Dates: 10/01/23 – 09/30/26
Award Amount: $240,000.00
Award #: 2327509
PI: Emina Soljanin
Artificial intelligence and machine learning algorithms rely on parallel, distributed computing systems to efficiently carry out intricate, data-heavy tasks. A significant challenge in designing large-scale distributed computing systems is addressing the unpredictable variations in service times across multiple servers. Computing redundancy, such as task replication, is a promising powerful tool to curtail the overall variability in service time. This project focuses on the intelligent management of redundancy in distributed computing that will affect the execution efficiency of data-intensive algorithms in large-scale systems. The project will quantify redundancy benefits, pivotal to developing and ultimately deploying efficient redundancy schemes for executing artificial intelligence and machine learning workloads. The educational goal of the project includes stimulating students’ interest in applied probability and mathematical modeling and developing hands-on labs on cloud computing infrastructure. The project will contribute to the Research Experiences for Undergraduate and High School students and will recruit and mentor women and members of underrepresented groups.

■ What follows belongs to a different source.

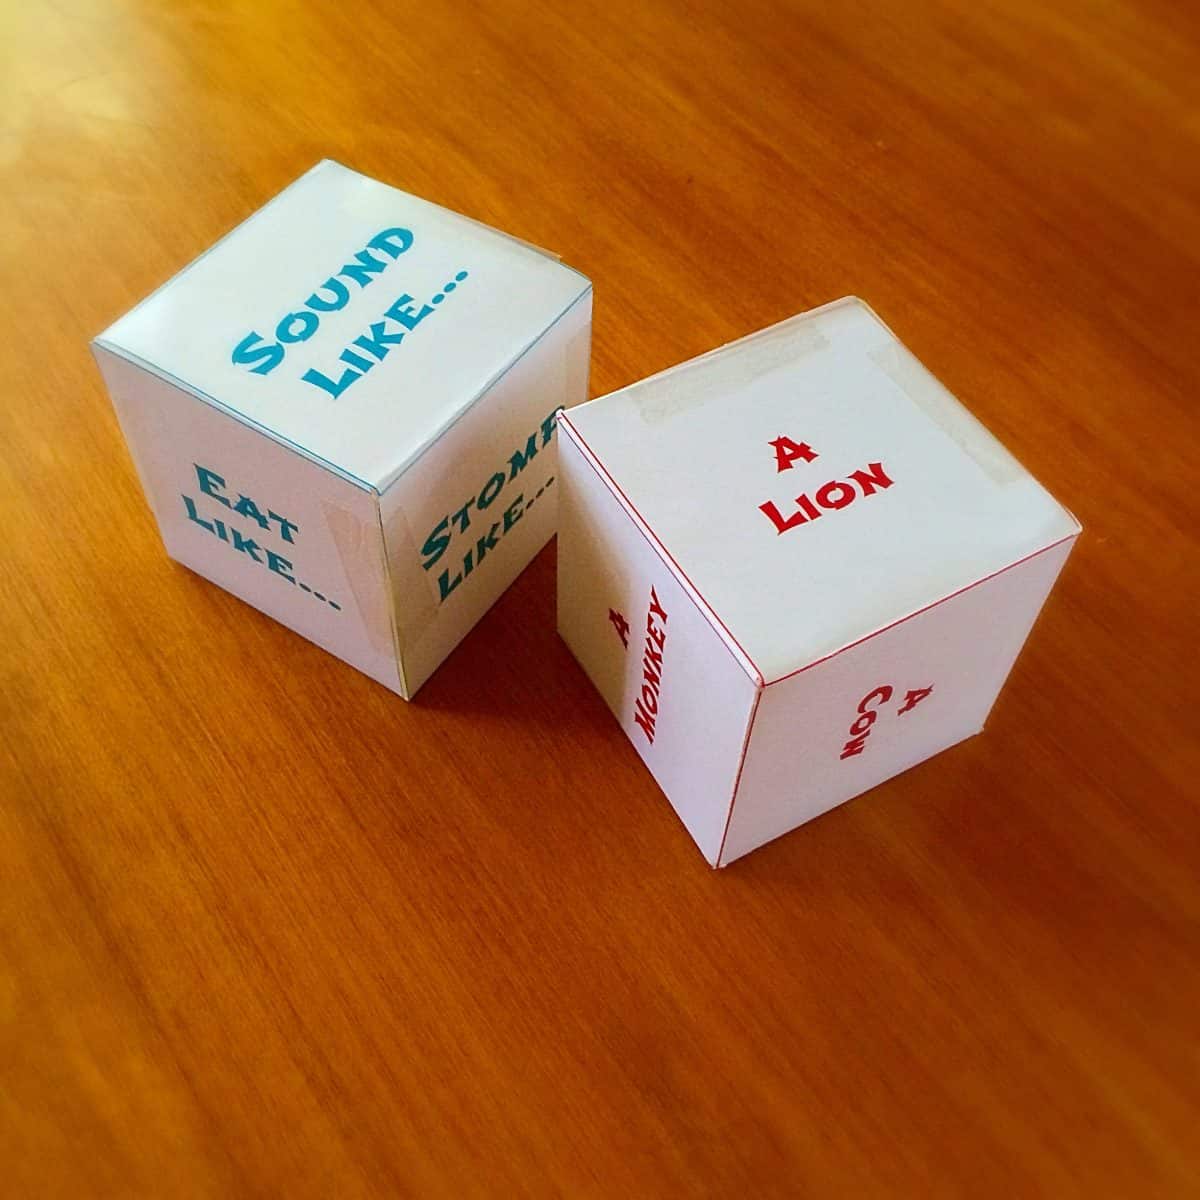 Activity Dice Free Printable - Great for preschoolers and toddlers.
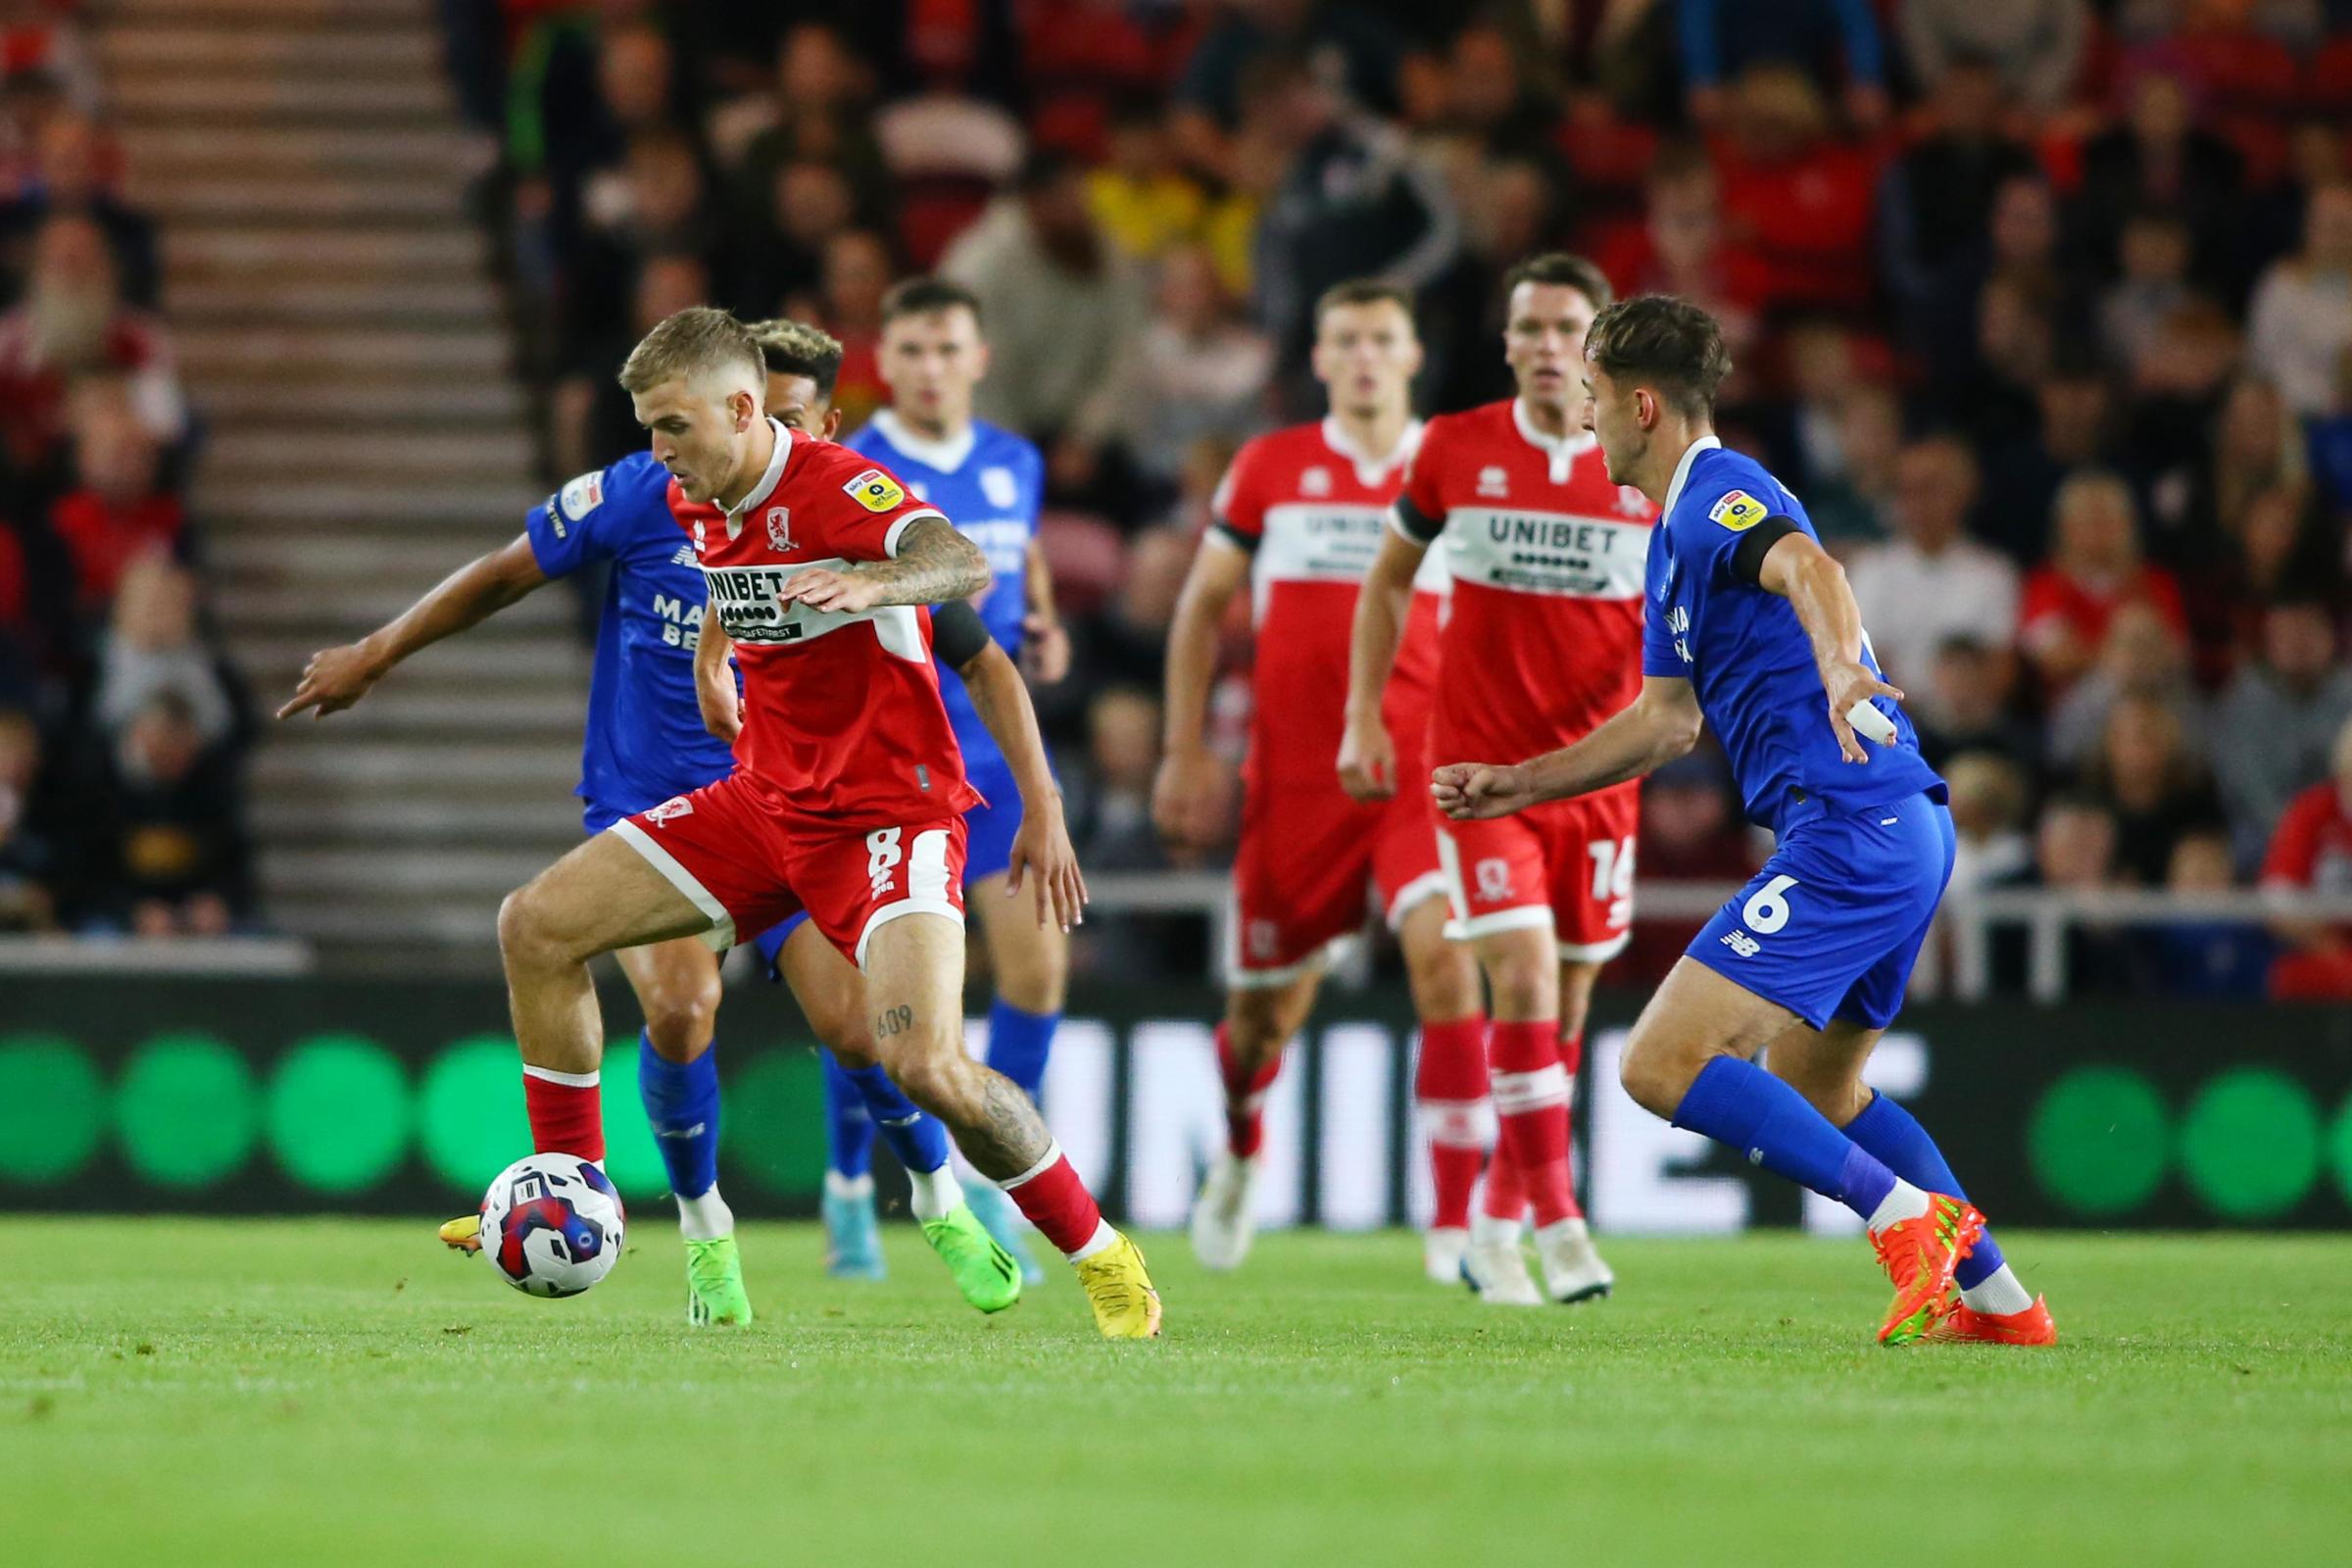 Middlesbrough 2 Cardiff City 3

This project considers distributed computing systems that use replication and erasure coding to reduce job execution times. The project aims to maximize the gain of using computing redundancy (coding gain) in practical scenarios. It complements recent work on redundancy in distributed systems, focusing primarily on designing redundancy schemes using erasure codes. The project will use statistical analysis and queueing and coding theories to make the following contributions: (i) characterization of the crucial effects of using redundancy in distributed computing, including analysis of the benefits and costs of redundancy; (ii) new mathematical models that capture the performance of distributed computing systems with stragglers; (iii) new analysis tools for computing coding gain in coded computing systems; (iv) development of redundancy management algorithms; (v) characterization of the diversity vs. parallelism trade-off; and (vi) addressing other critical issues in coded computing that do not exist in the better-understood replication solutions.
This award reflects NSF’s statutory mission and has been deemed worthy of support through evaluation using the Foundation’s intellectual merit and broader impacts review criteria.